Although this setup benefits from explicitly dealing with dynamic variables without any aggregation or summarization over all time steps for a sample sequence, it would not be effectively applicable when there are high-dimensional or multi-correlated sensors, actions and conditions. Without having some complicated previous steps for variable selection, measurement noise filtering or dimensionality reduction, the model would suffer from overfitting issues, multi-collinear or correlation issues between sensor outputs and other inputs, and being too sensitive to measurement noises. In addition, when the provided historical sequence is not long enough to accurately estimate the underlying process state and predict the future sequence, there is no way to represent the model uncertainty.

*Dynamic DPDM can make predictive simulation-based controls in closed-loop situations*

One of the most important problems in enterprise AI is to make optimal sequential decisions or closed-loop controls over dynamic processes. In dynamic DPDM, we build a deep-probabilistic (DP) process model that enables the generative simulations of the likely future sensor and target sequence for any given future (or counterfactual) condition and action sequence at a latent process state. Then, we optimize our action policy for sequential decision making (DM) based on predictive simulations in model-based reinforcement learning (RL) or model-predictive control (MPC) approaches. The best action policy or controller can be designed to optimize the given KPIs, relying on the predicted experiences of sensor and target observations for different actions over the future time horizon.

## Dual-Process Model with Deep Probabilistic Latent States

How to represent the latent “state” of the dynamic process? We propose the latent process state rely on the philosophy of the dual process theory. The process state at each step is represented by an explicit probabilistic latent state (driven by Bayesian learning like probabilistic state-space models) that compress the other implicit deep deterministic hidden state (driven by deep learning like recurrent neural networks) and predictively generate the observed outputs for the provided inputs. There is also the interplay between the probabilistic model-based learning and the deep associative learning.
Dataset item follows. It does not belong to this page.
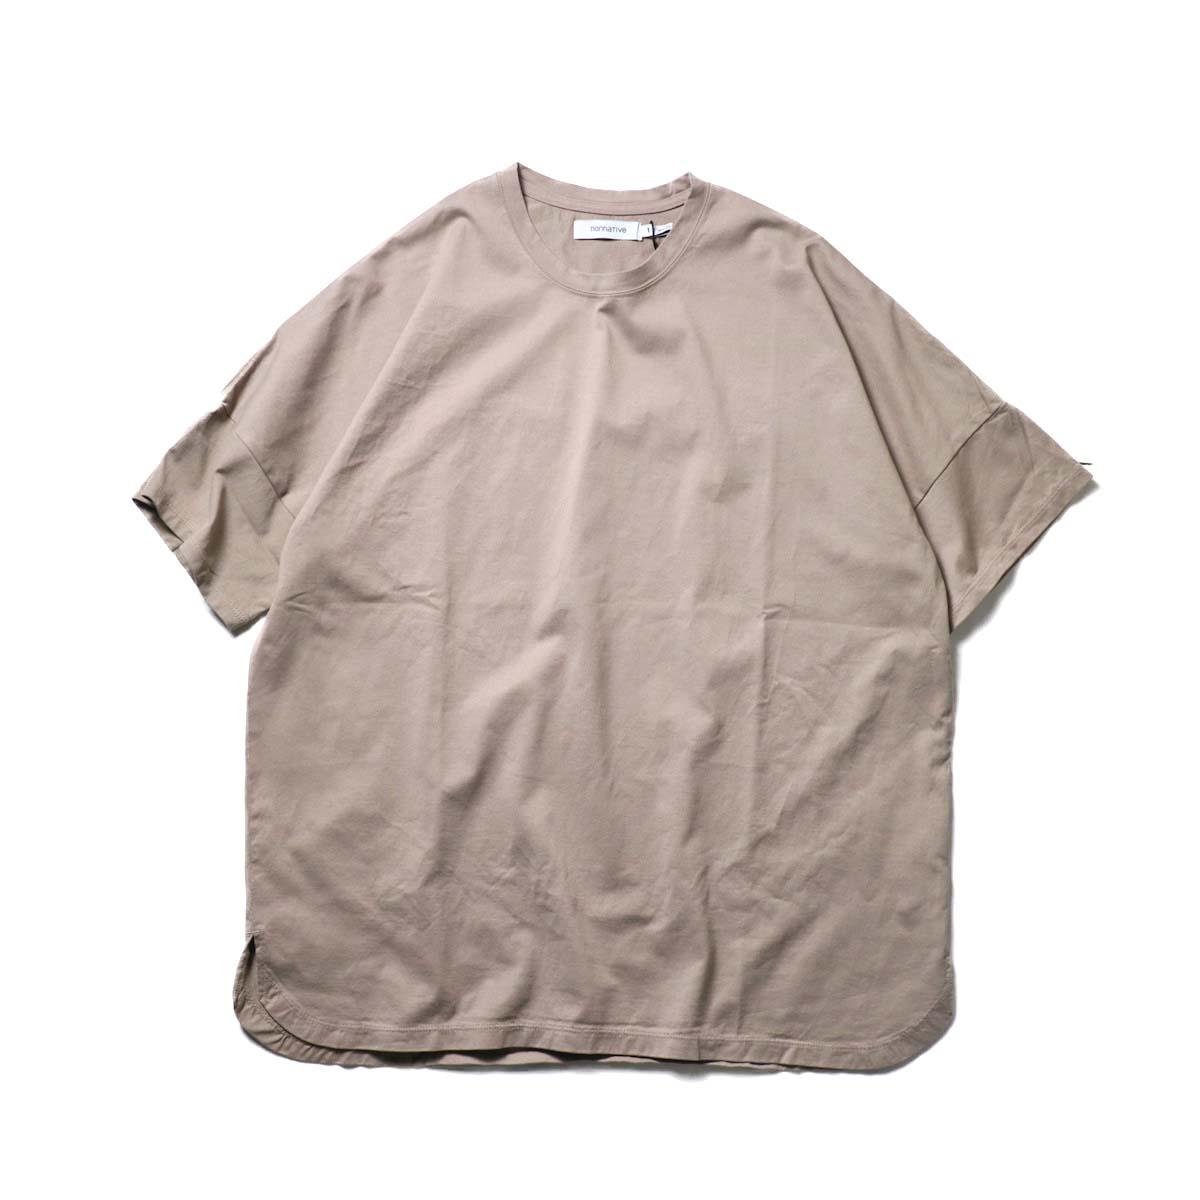 nonnative / CLERK S/S TEE COTTON JERSEY (Mole)正面

- The deep learning system (System 1, deterministic RNN) is much faster and powerful in extracting key patterns and features from the past sequence of high-dim inputs and observations.
- A limited memory size of past experiences (the length of the past sequence composed of past conditions, actions, sensors and targets) is typically used to represent the current process state in computational models. Also, observations are noisy and incomplete. This partial observability makes the underlying dynamic process stochastic, asking for the probabilistic state representation (System 2, probabilistic state-space model).

Deep learning would extract and represent key features from the sequence of past experiences. Dynamic processes tend to involve high-dimensional cross-correlations among action inputs, condition inputs, sensor outputs, and target outputs. Thus, it’s important that latent states can capture cross-correlations of variables. Bayesian learning would explicitly construct the dynamics of probabilistic prior and posterior states with implicitly learned features from deep learning. In addition, since the deterministic states (or hidden-layer outputs) in deep learning tend to have much higher dimensionality than the probabilistic states in Bayesian learning, probabilistic states would be very helpful for the overall model interpretability. The lower dimensional probabilistic states can be considered sequentially-learned variational auto-encoded features with the inputs of deterministic hidden states from deep learning.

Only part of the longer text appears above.